Les femmes journalistes sont encore des cibles privilégiées de violences à travers le monde. De plus, malgré la forte féminisation du métier au cours des vingt dernières années, elles occupent encore les fonctions les plus précaires, constate Reporter Sans Frontières (RSF) dans son bilan de la liberté de presse chez les femmes. Cependant, être une femme n'a pas que des inconvénients.

Les femmes journalistes sont encore des cibles privilégiées de violences. De plus, malgré la forte féminisation du métier au cours des vingt dernières années, elles occupent encore les fonctions les plus précaires, constate Reporter Sans Frontières (RSF) dans son bilan de la liberté de presse chez les femmes. Cependant, être une femme n'a pas que des inconvénients.

La méthode Anne Nivat

Le rapport de RSF met en effet en exergue des témoignages de femmes qui ont su tirer avantage de leur sexe pour réussir. C'est notamment le cas de Anne Nivat, correspondante de guerre reconnue pour son travail en Tchétchénie, en Afghanistan et en Irak. «J’ai plus de facilités en tant que femme à faire mon travail, car en Irak et en Afghanistan les femmes ne sont rien et on ne fait pas attention à elles.

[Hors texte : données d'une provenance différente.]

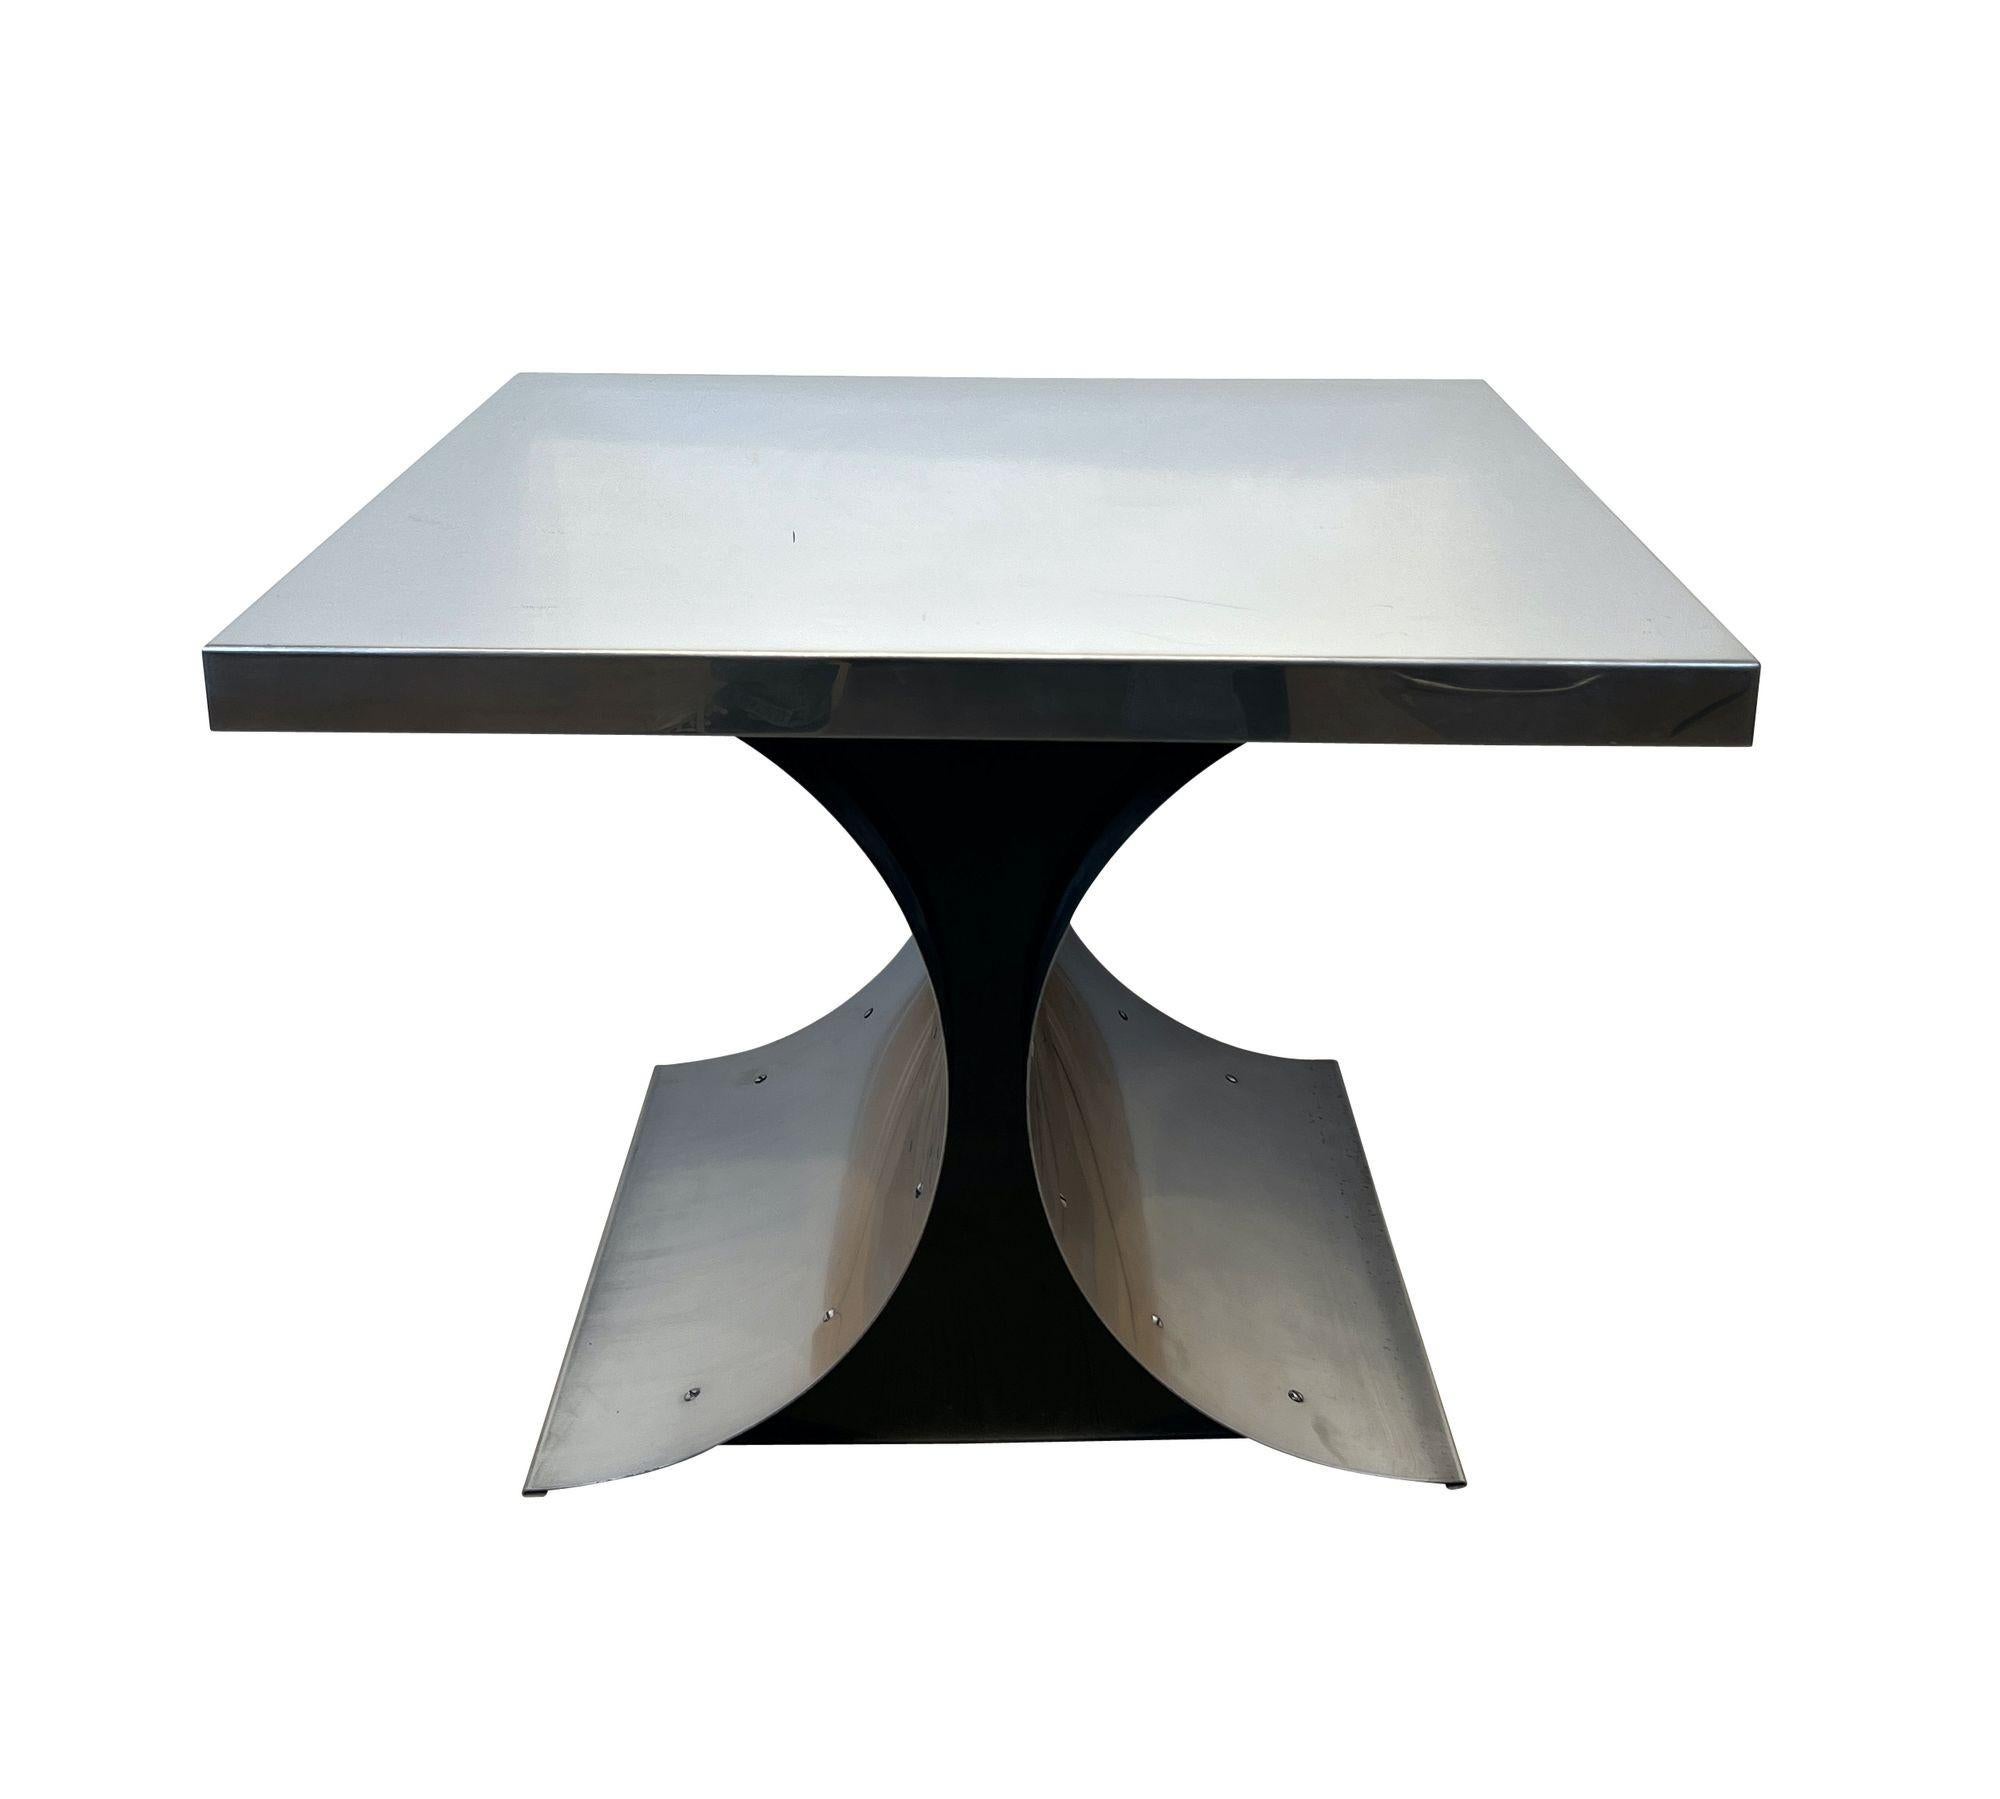 Curved Stainless Steel Sofa, side or Coffee Table in the Style of Oscar Niemeyer from Paris, France about 1960s/70s. Brushed stainless steel frame with black lacquered side parts. Top polished stainless steel and slightly covered with Zappon

Contrairement à mes collègues masculins, une journaliste femme peut passer relativement inaperçue», explique-t-elle.

Travaillant en immersion totale, la journaliste qui a remporté le prestigieux Prix Albert Londres 2000, n'hésite pas à revêtir la Burqa en Afghanistan, ce qui lui permet de traverser des milieux hostiles sans encombre et de passer les check points sans se faire importuner. Grâce à cette méthode, elle s'éloigne radicalement de l'uniformité médiatique en zone de guerre et rapporte des histoires humaines inédites.

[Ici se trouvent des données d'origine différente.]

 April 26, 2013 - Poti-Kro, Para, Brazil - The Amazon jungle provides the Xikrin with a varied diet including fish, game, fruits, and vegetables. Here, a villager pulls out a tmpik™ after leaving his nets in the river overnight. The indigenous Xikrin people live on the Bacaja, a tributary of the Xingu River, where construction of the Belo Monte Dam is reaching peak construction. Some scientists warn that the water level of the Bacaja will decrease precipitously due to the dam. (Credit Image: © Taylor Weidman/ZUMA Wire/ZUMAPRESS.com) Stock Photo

«Dans les pays en guerre, la population est toujours prise entre deux feux, les insurgés et l’armée régulière. Pendant que les hommes sont au front, celles qui tentent de survivre, ce sont les femmes auxquelles j’ai eu un accès privilégié grâce à des hommes qui m’ont emmenée dans leur famille», raconte-t-elle.

Les Philippines et Cuba

La journaliste Marites Dañguilan Vitug basée aux Philippines est du même avis. «Je dirais qu’en tant que femme j’ai une certaine facilité à faire ce métier. On se confie plus facilement à moi», confie-t-elle. Elle-même directrice du comité consultatif du magazine indépendant Newsbreak, elle explique que dans son pays les femmes ont réussi a brisé le plafond de verre et occupent de nombreux postes clés, dont la tête de deux grands quotidiens, Philippine Daily Inquirer et Philippine Star. Les directeurs de l’information de trois grandes chaînes de télévision philippines sont également des femmes.

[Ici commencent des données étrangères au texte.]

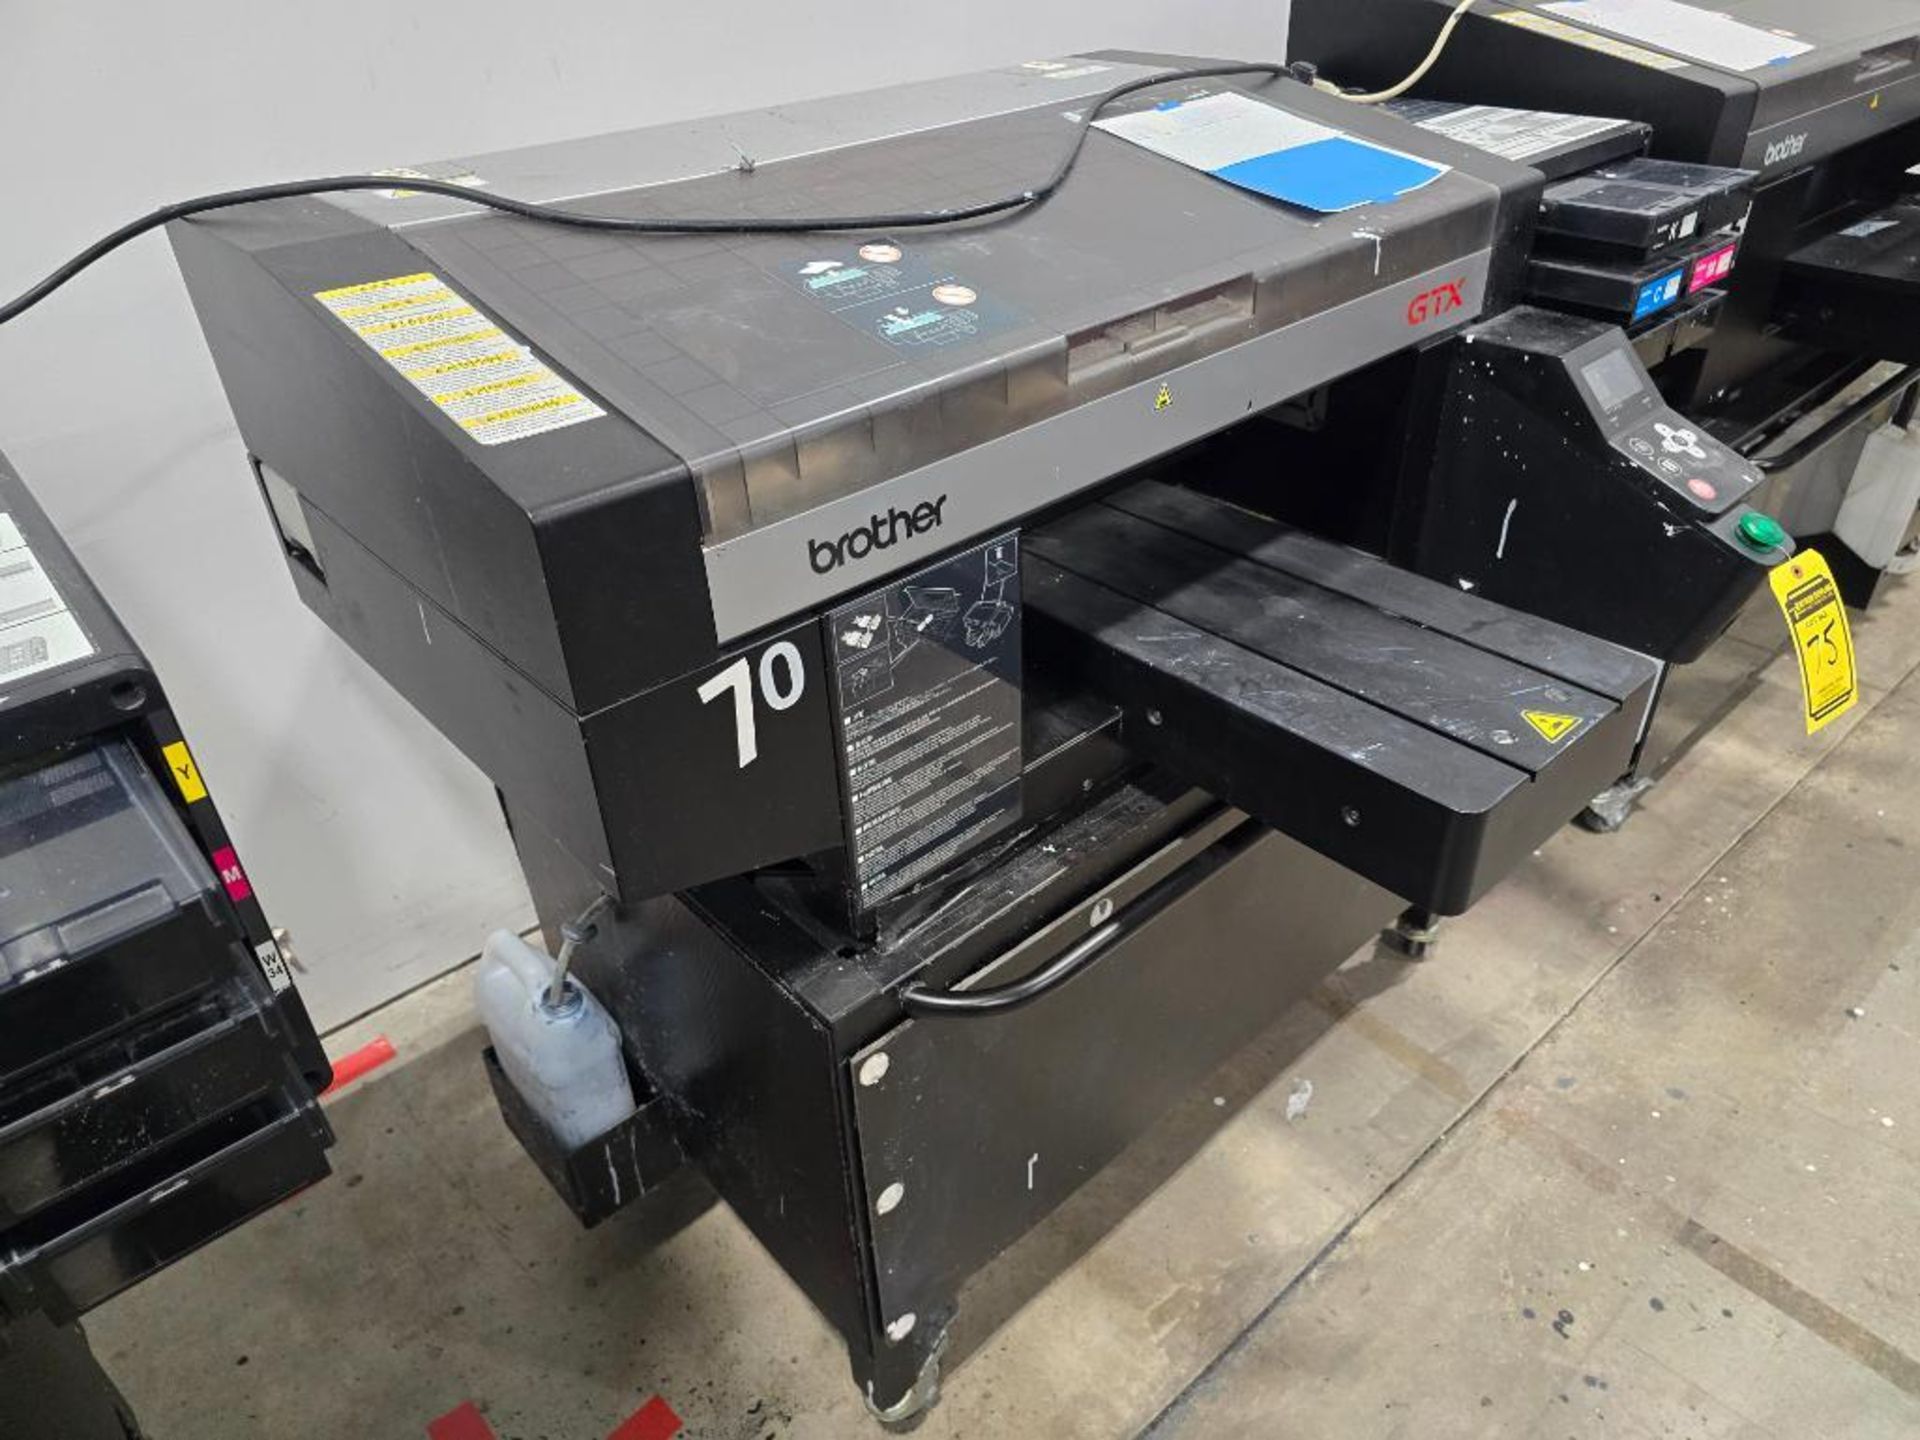 2018 Brother GTX-422 DTG (Direct to Garment) Printer, Twin Head, 6-Color, Water Based Pigmented Ink, - Image 3 of 8

La journaliste cubaine Magali Norvis Otero Suárez témoigne également de ses avantages en tant que femme par rapport à ses collègues masculins. Bien qu'elle couvre des sujets qui fâchent le régime castriste, notamment les violations des droits humains et le milieu carcéral, elle a le sentiment que la mission de journaliste à Cuba est moins à risques pour une femme. «On ne frappe pas les femmes lors des mobilisations, lorsque nous nous déplaçons pour les couvrir. La police est moins violente envers nous», rapporte-t-elle.

Exporter les bons exemples

Malgré ces quelques succès, le journalisme demeure «un monde encore largement masculin, d’où les femmes sont exclues», dénonce RSF. Pourtant, comme en témoignage le parcours de Anne Nivat, «la présence des femmes au sein des rédactions permet d’informer sur la moitié cachée de l’humanité, les femmes ayant la possibilité de traiter de réalités auxquelles des hommes n’ont pas accès», souligne l'organisation.

Pour renforcer la présence féminine au sein des médias et la liberté de presse au féminin à travers le monde, RSF recommande notamment la mise en place de programmes spécifiques de protection des femmes journalistes, la création de Maisons des journalistes femmes et le soutien des organismes de formation en journalisme dédiés aux femmes.